TRAMADOL/PARACETAMOL ZYDUS 375 mg/325 mg comprimé pelliculé boîte de 20

Médicament soumis à prescription médicale

Médicament générique du Zaldiar
Classe thérapeutique: Antalgiques
principes actifs: Tramadol + Paracétamol
laboratoire: Zydus France

Comprimé pelliculé
Toutes les formes
2,50€* (remboursé à 65%)
*hors honoraires fixés par l'État, prix réel estimé 3,32 €
Tous les génériques

Indication

Ce médicament est indiqué dans le traitement symptomatique des douleurs modérées à intenses.

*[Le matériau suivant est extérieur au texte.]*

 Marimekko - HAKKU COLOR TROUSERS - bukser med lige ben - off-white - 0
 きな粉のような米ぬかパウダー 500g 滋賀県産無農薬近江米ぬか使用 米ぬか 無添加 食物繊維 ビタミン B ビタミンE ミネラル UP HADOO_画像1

Son utilisation doit être limitée aux patients dont la douleur modérée à intense nécessite un traitement par une association de paracétamol et de tramadol (voir rubrique Propriétés pharmacodynamiques).

Posologie TRAMADOL/PARACETAMOL ZYDUS 375 mg/325 mg comprimé pelliculé boîte de 20

Ce médicament est indiqué dans le traitement symptomatique des douleurs modérées à intenses.

Son utilisation doit être limitée aux patients dont la douleur modérée à intense nécessite un traitement par une association de paracétamol et de tramadol (voir rubrique Propriétés pharmacodynamiques).

Contre indications

·         Hypersensibilité connue au tramadol, au paracétamol ou à l'un des excipients (voir rubrique Composition) de ce produit.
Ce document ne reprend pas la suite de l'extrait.